Не одно ли это и то же?

Не смею утверждать, что мне было ниспослано просветление, когда я утвердился в своем решении покинуть город Хань-Чжоу, расположенный в одном из красивейших мест страны Хань. Этот город был когда-то столицей одной из самых просвещенных в художественных ремеслах южных династий Сун. И сегодня большая часть писателей и поэтов происходит отсюда. Весною, когда природа пробуждается от зимнего безмолвия и протягивает душевные силы к неистовой силе преображения, весь город, особенно вблизи озера, находится в атмосфере эйфорической мечты. Озеро названо по имени Ши Цзу, которая стала самой прекрасной женщиной во всей многовековой истории страны, родившейся на протекающей через город реке за несколько сотен лет до явления Христа. А один из холмов, окружающих озеро, назван по имени просветленного в Дао Го Хуна, чьи мысли через многие годы после его смерти открыли мне многие истины гармонии и равновесия. И вот, в наступившем весеннем мареве, я поднялся с циновки и ушел в дальнейшее странствие, унося в душе своей мир и покой, как драгоценность.

21

У городских ворот, в которых свирепые видом воины, вооруженные самыми разнообразными орудиями для причинения боли, излияния крови, раздробления костей, извлечения внутренностей и усекновения главы, требовали подорожные грамоты у пересекающих границы поселения торговцев, крестьян и работных людей, я ожидал особенного допроса с пристрастием о намерениях и причинах исхода из города, однако же с удивлением обнаружил в себе особенное чувство отстраненности от происходящего, как будто бы ничего из окружающего не имело ко мне никакого отношения. Душа моя исполнилась радостью и, как оказалось и совершенно отчетливо предстало перед моим внутренним взором, вид залитых солнечным светом окрестностей и расцветающих персиковых деревьев, мягкость дорожной пыли, свежесть окрестного воздуха и прохлада его, крики вьючных животных и скрип колес, снабженных двумя высокими деревянными колесами, а также гомон людских голосов, строгость окриков солдат, заунывные причитания чиновников, перечисляющих писцам содержимое уложенных на телеги мешков и берущих пошлины сообразно виду и количеству товаров, крики ласточек, оживленно и не взирая на окружающее занимающихся созданием гнезд, которые они прилепливали глиною прямо на городскую стену и на караульное помещение - все это казалось мне более насущным и более важным, нежели возможные затруднения пересечения городской черты без каких-либо документов, столь любимых всевозможными ханьскими начальствующими людьми или превратности открывающегося передо мной путешествия в незнаемое далеко. И вот настала и моя очередь предстать перед начальниками, и я свершил сие, встав пред ними, и они, вначале сурово прикрикнув на меня и потребовав неких грамот, и не получив от меня оных по отсутствии их, почти что внезапно утратили ко мне всяческих интерес и вытолкнули меня за врата, и я прозрел - открывшееся мне Дао столь же действенно проявлялось и на окружающих меня, потому что, обнаружив мое просветление, скрыть которое не представлялось возможным, ибо весь мой облик и мое состояние неопровержимо о том свидетельствовали, обратило и всех остальных в понимание преимущества одного пред другим, и так я оказался за городской стеной и был волен идти, куда глаза глядят, к какому занятию я и решил обратиться незамедлительно, благо ничего иного мне не предстояло.

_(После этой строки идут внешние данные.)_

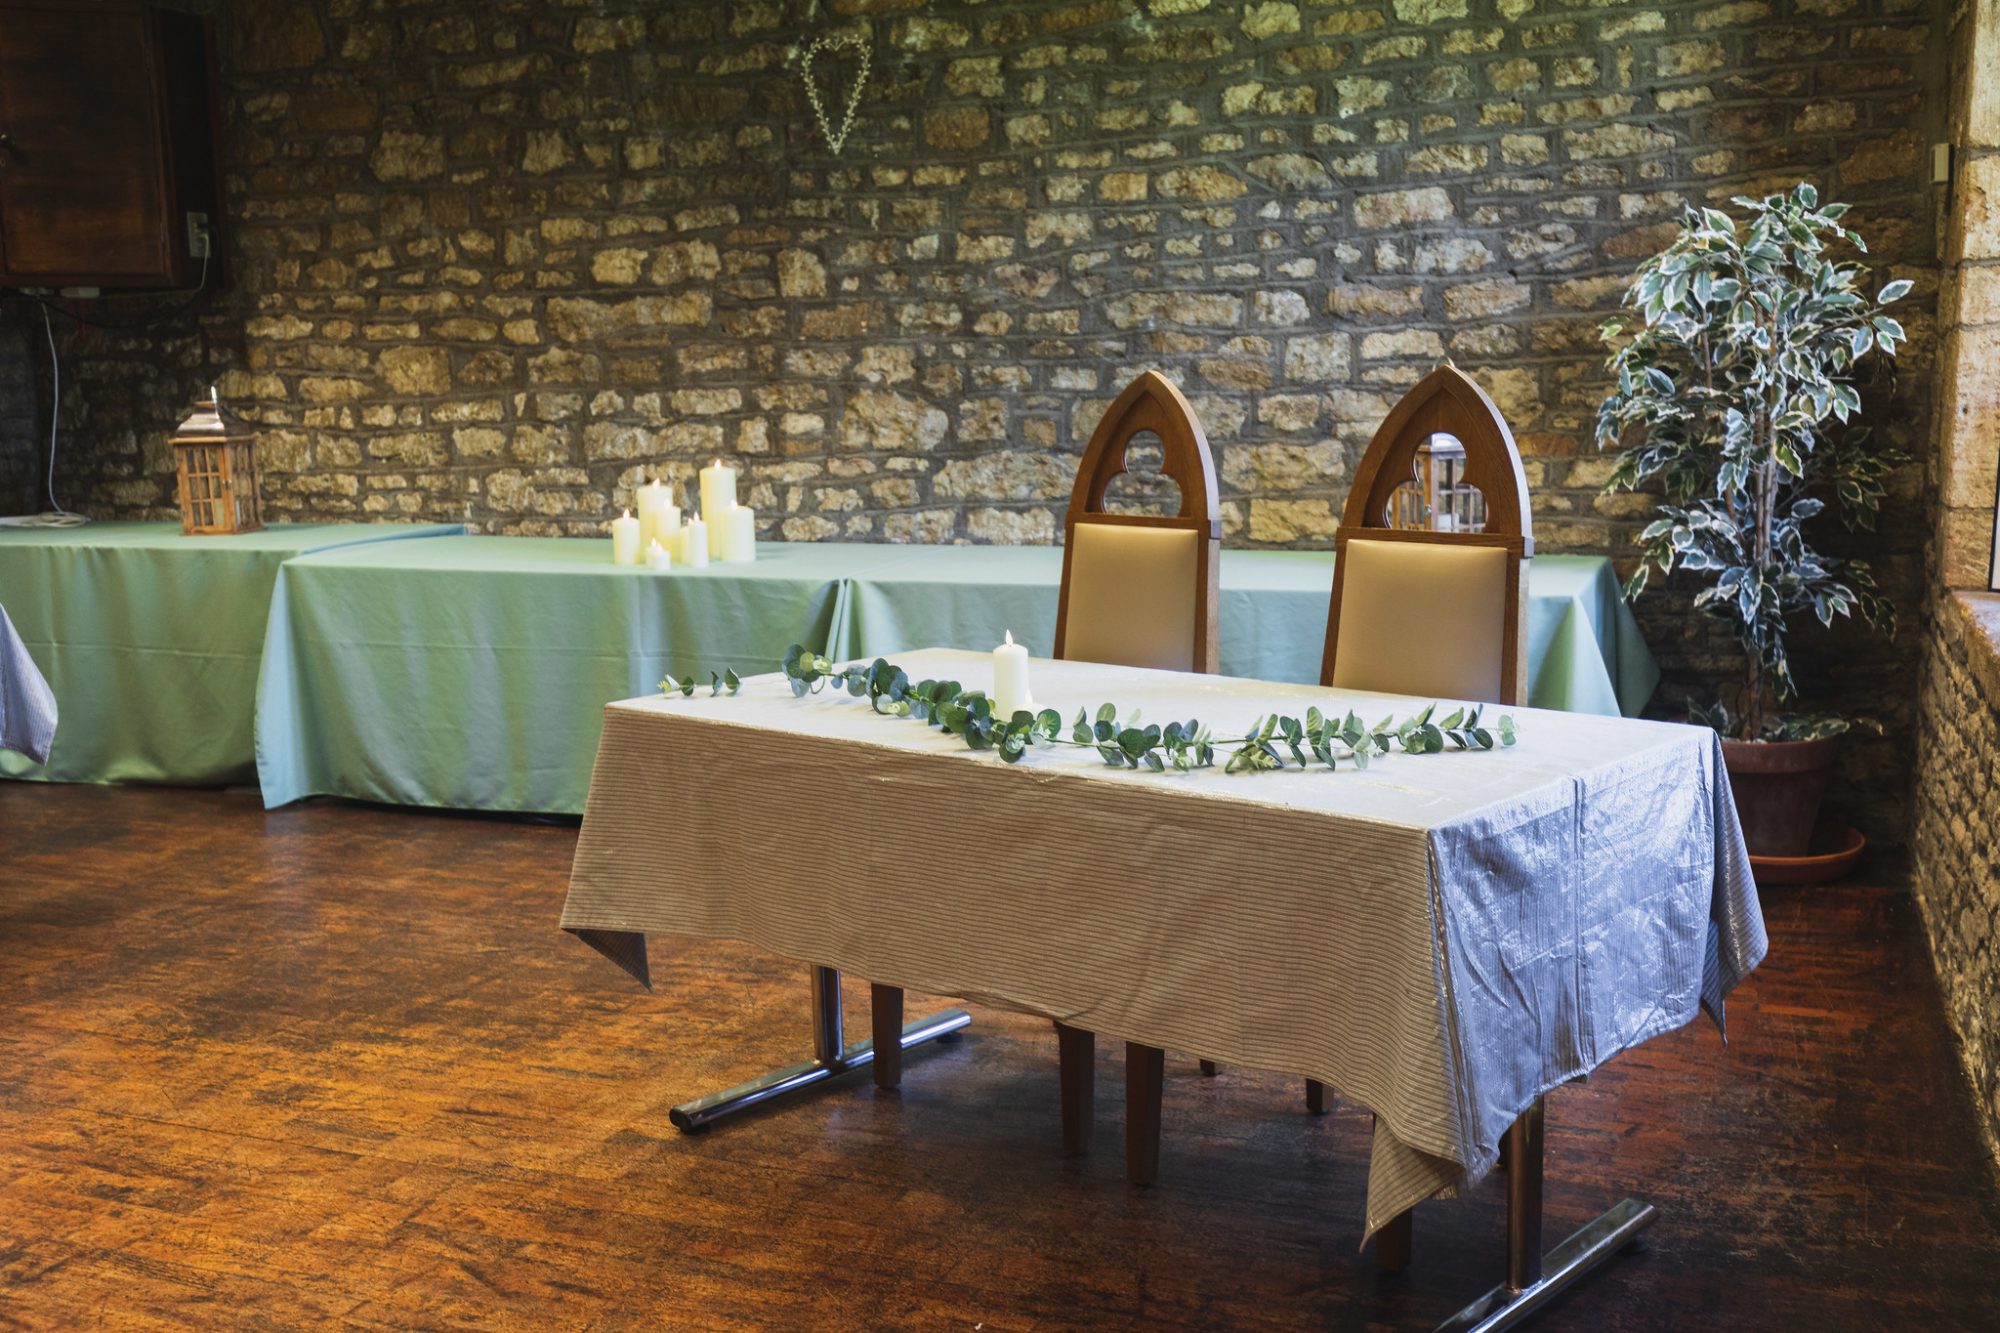 wedding ceremony setting - table with white cloth and leaves and candle, with 2 medieval style chairs behind. Bare stone walls in background

Никакого запаса, обычного для путешествующего, кроме надетого на мне весьма убогого и не первой свежести платья, к коему я, впрочем, приобык и иного уже и не желал, поскольку желать следует того, чего у тебя не было покуда, а в чем нужда желать обыкновенно сопровождающие тебя вещи, насущность коих кроется в лишь их незаметности? В продовольственных припасах я также не нуждался, находя пропитание в дороге - где меня встречали с приветствованием, там можно было надеяться на удовлетворение телесных потребностей в еде и питье, в чем я уже с давних пор сделался совершенно непривередливым и неприхотливым и принимал с благодарностию все, что ни дадут с добрым словом, а иначе находил некие продукты и по дороге, в дикорастущем состоянии, и во всяком случае не испытывал необходимости носить припасы с собою, хотя и не пресыщался, как это следует изо всего образа моей теперешней жизни, да и желания такого не испытывал. Имея необходимое и уверенность в том, что всегда найду его, вкуса от употребления того уже не испытывал.

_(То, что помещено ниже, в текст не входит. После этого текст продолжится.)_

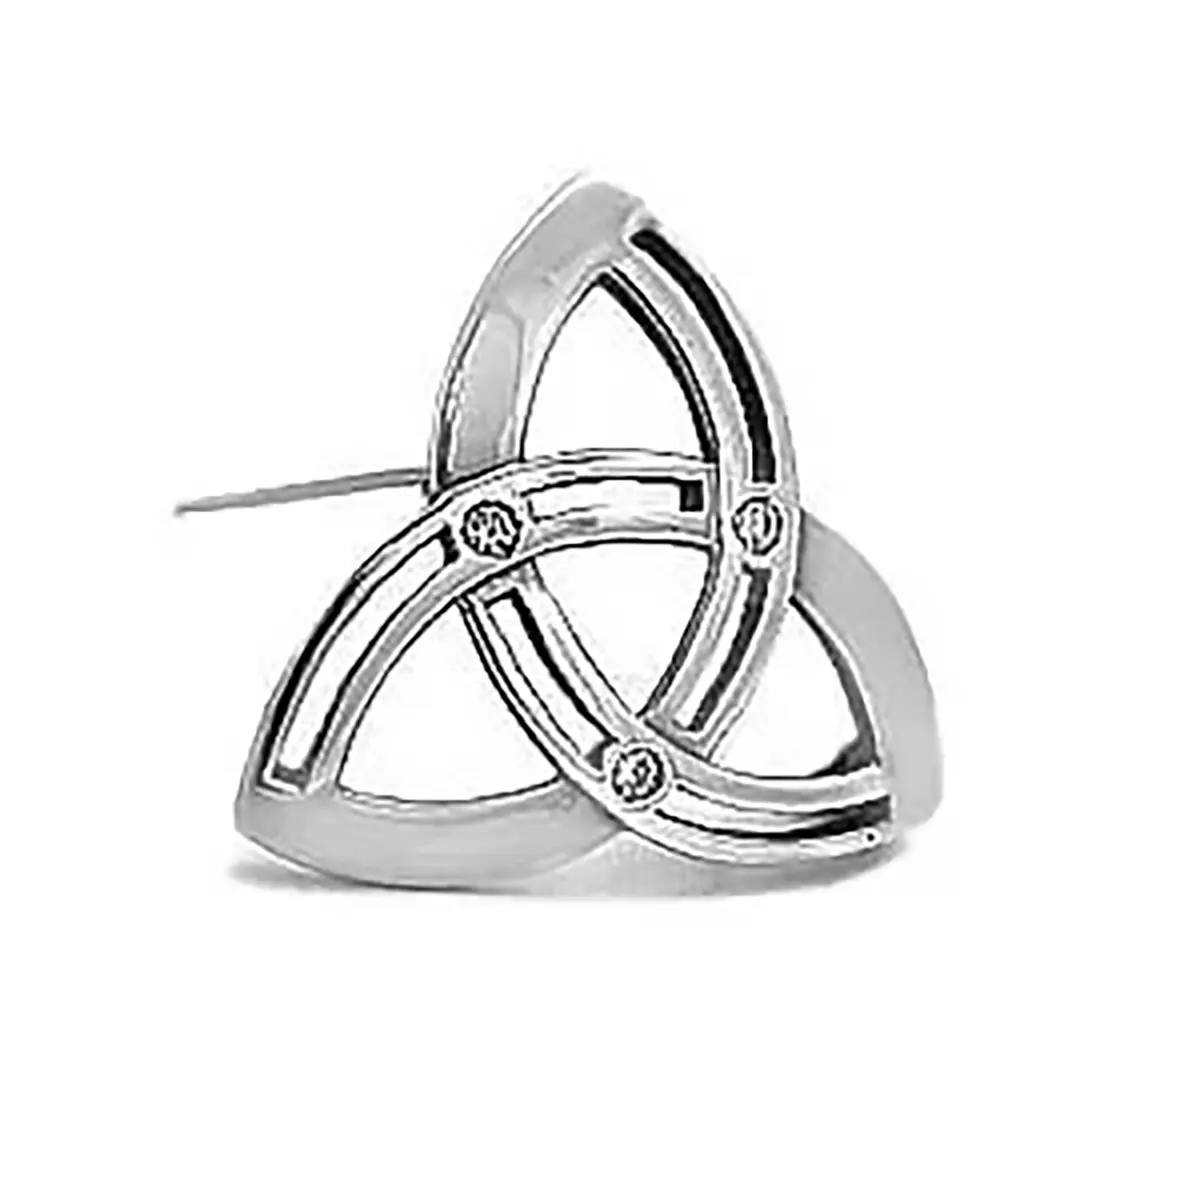 White Gold Trinity Knot Brooch

Поименованные причины и соображения не отвлекали меня от восприятия самого пути, как от надобности, в одно и то же время приносящей при ее осуществлении удовлетворение и изрядную толику радости, что наполняло душу мою особым состоянием покоя и предвкушения. И за городскою стеною, которая означала мне не безопасное пребывание, как многим прочим, а ограничение свободы моей в продвижении дальнейшем и вынужденную остановку, я узрел наконец открытое во все стороны пространство, испещренное линиями троп, и мог избрать любое из открывающихся мне направлений.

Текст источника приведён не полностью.